AstraZeneca’s experimental oral GLP-1 drug elecoglipron produced substantial reductions in body weight and blood sugar in a phase 2b trial, offering another noninjectable option in the expanding class of GLP-1 therapies for type 2 diabetes and obesity.
Key results
– In the 26-week SOLSTICE randomized, placebo-controlled study, 406 adults with type 2 diabetes across nine countries received varying starting, escalation, and maintenance doses of elecoglipron or placebo.
– Participants taking elecoglipron lost an average of 10.5% of body weight at 26 weeks; 72% of treated participants lost at least 5% of their weight.
– Nearly 90% of people on the drug reached the standard target HbA1c of 7%, compared with about 25% on placebo.
– Reported safety and tolerability were similar to other GLP-1 medications at this stage of development.
Why this matters
GLP-1 receptor agonists were developed to lower blood glucose in type 2 diabetes but have also proven effective at suppressing appetite and promoting weight loss. Oral formulations make these benefits available to people who prefer pills to injections, and they may be easier to store and transport. Several oral GLP-1 products have reached the market in recent years, expanding treatment options for diabetes and weight management.
Experts’ perspective
Clinicians not involved with the trial called the results encouraging but cautioned that larger phase 3 studies are needed to confirm long-term safety and effectiveness. Physicians highlighted that oral GLP-1s could increase access and adherence for patients who dislike needles or who find injectables inconvenient, while noting trade-offs: oral tablets are typically taken daily, whereas some injectables are once-weekly and enter the bloodstream more directly.

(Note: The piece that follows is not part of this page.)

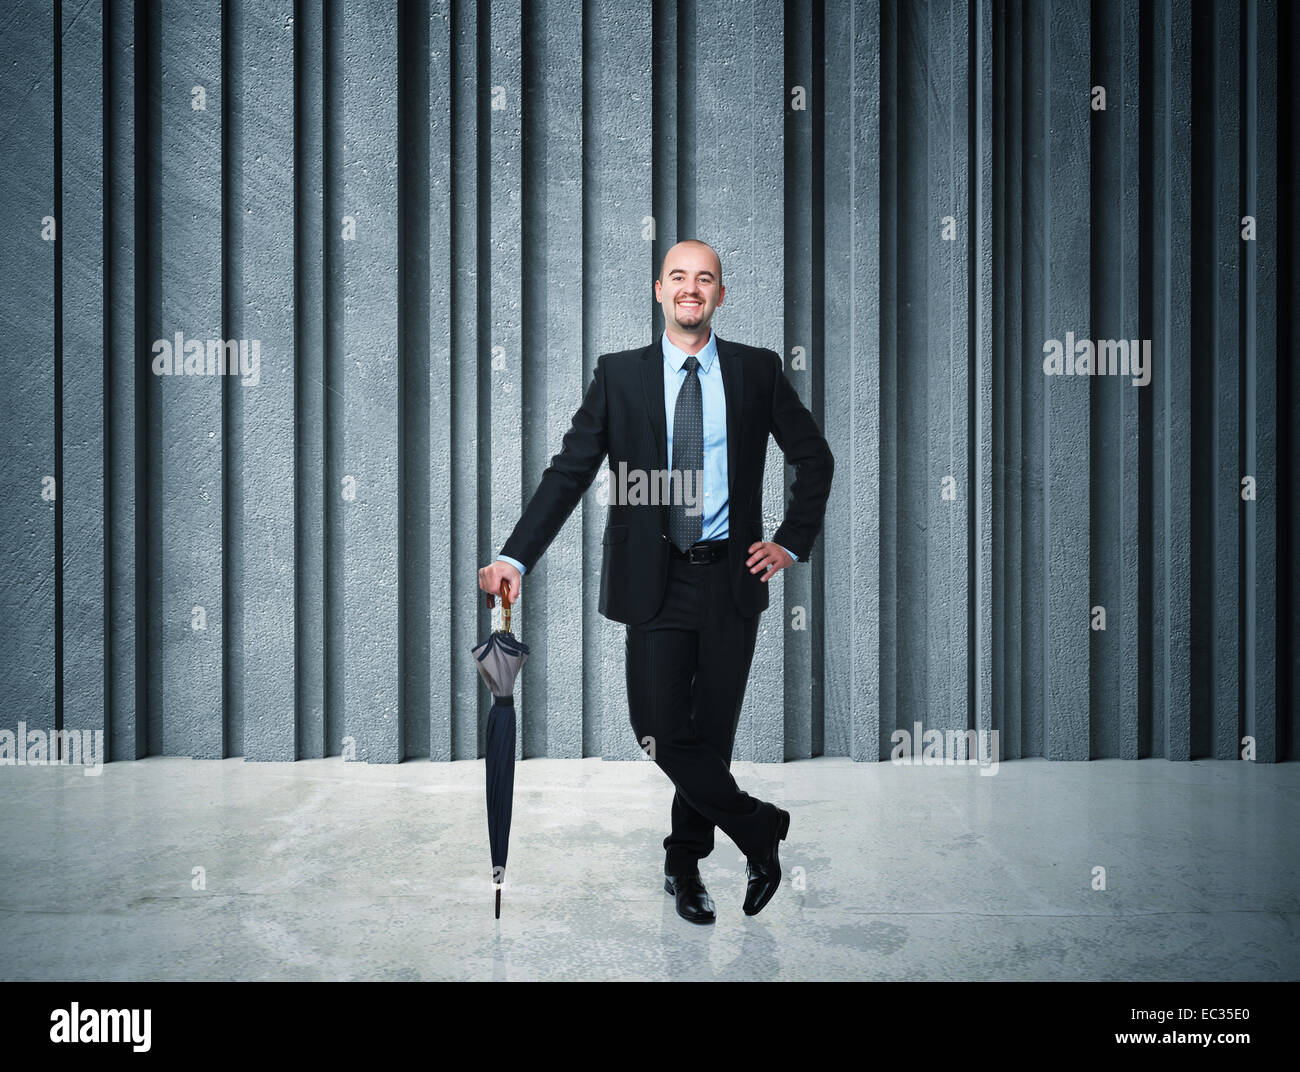 positive businessman and concrete background Stock Photo

What to know about GLP-1 therapy
– Benefits: GLP-1 drugs lower blood glucose, reduce appetite, support weight loss, and may have cardiovascular and metabolic benefits.

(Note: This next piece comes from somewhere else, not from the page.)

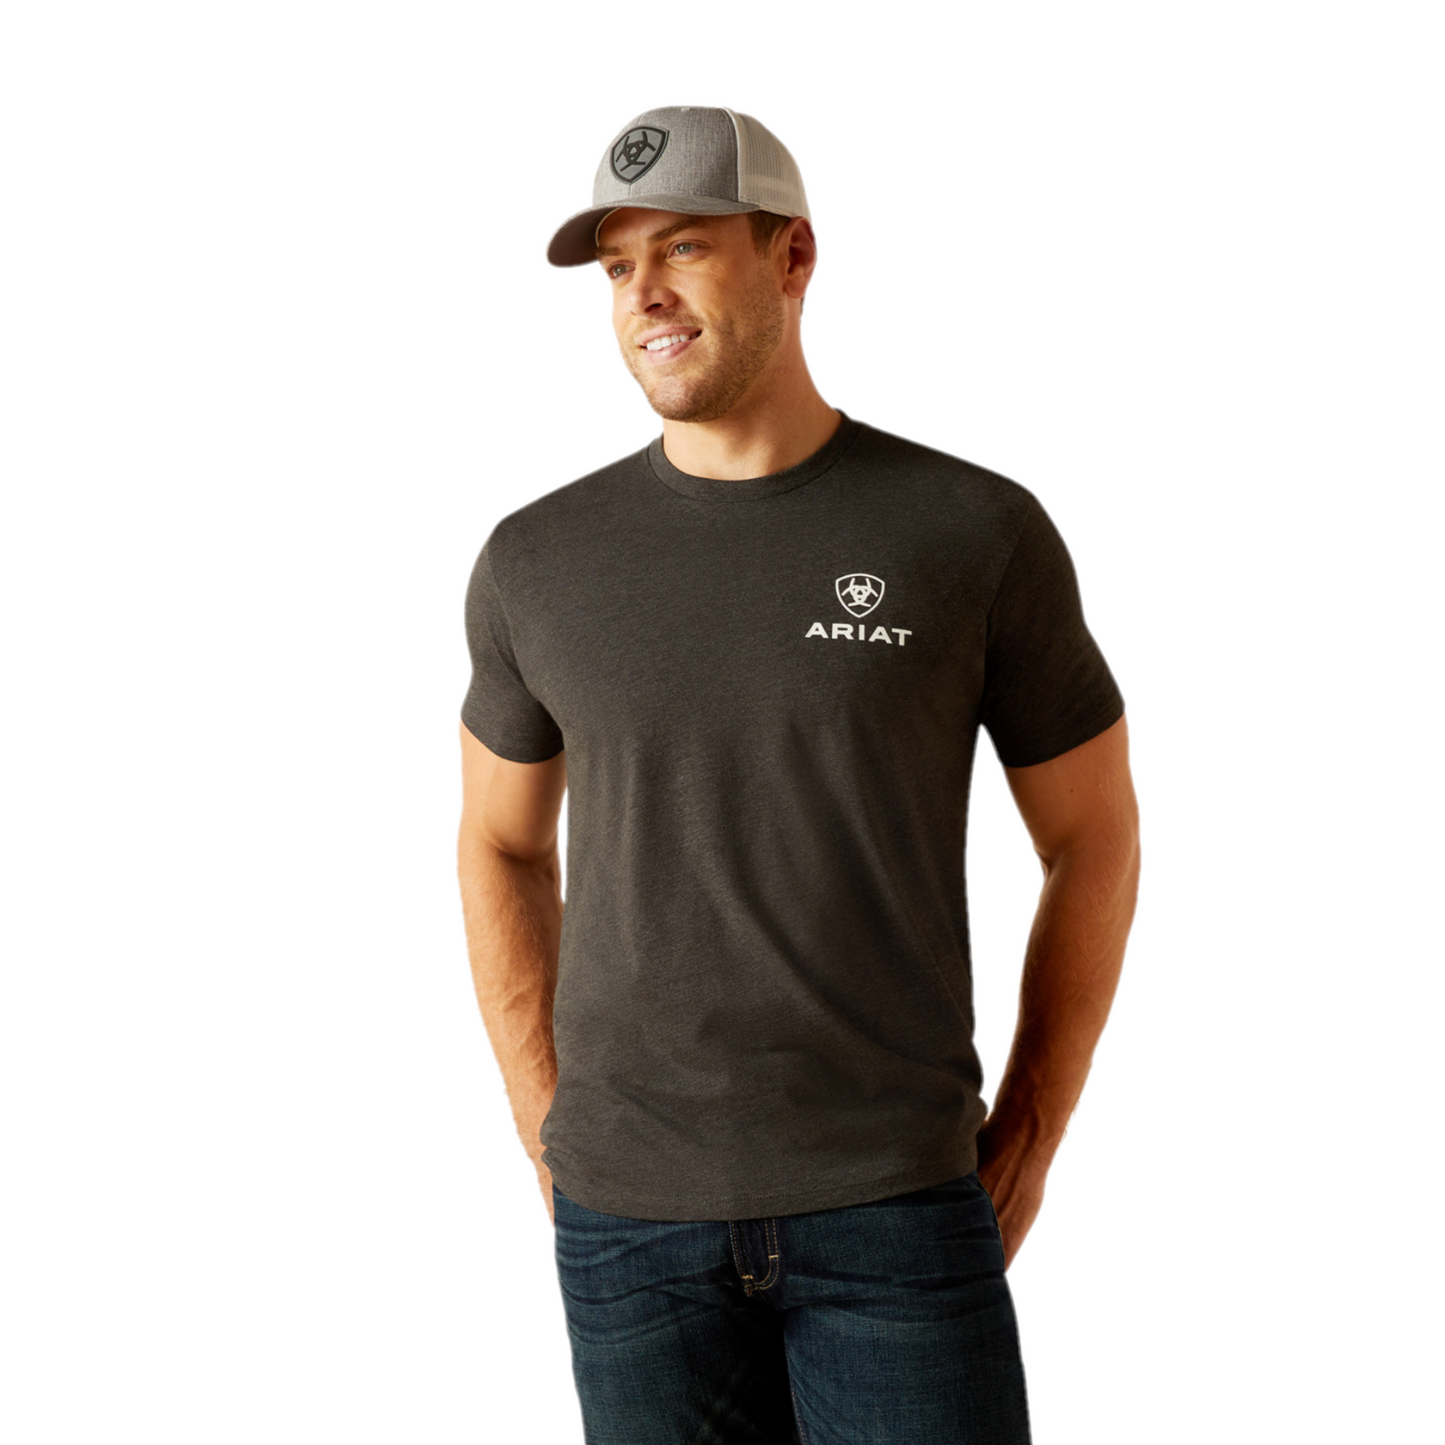 Ariat Men's Star Spangled Charcoal Heather T-Shirt 10051453

– Administration: Tablets remove the need for injections and refrigeration, but dosing frequency and absorption can differ from injectables.
– Long-term strategy: GLP-1 medications are part of a sustained treatment plan. They work best alongside lifestyle changes—regular physical activity, balanced meals focused on fiber and healthy carbohydrates, weight-management strategies, and avoidance of excess sugar and saturated fats.
– Shared decision making: Every medication has potential risks and contraindications. Patients should discuss benefits and side effects with their healthcare provider to decide if a GLP-1 is appropriate for them.
Context on type 2 diabetes
Type 2 diabetes is common and growing: tens of millions of U.S. adults live with the condition and many more have prediabetes. It arises when the body’s response to insulin is impaired or insulin production is insufficient, leading to elevated blood glucose. Symptoms can be mild at first and may include persistent hunger, excessive thirst, fatigue, frequent urination, blurry vision, and numbness in the hands or feet. Management includes medications when needed but also often relies on dietary change, regular exercise (about 30 minutes daily), and long-term weight control.
Next steps
AstraZeneca has moved elecoglipron into a phase 3 program. If larger trials confirm efficacy and safety and regulatory approval follows, elecoglipron could become another oral GLP-1 option for people with type 2 diabetes and obesity. Clinicians emphasize that new medications are a tool to support lasting lifestyle improvements—not a quick fix—and that patients should consult their healthcare providers to determine the best individualized treatment plan.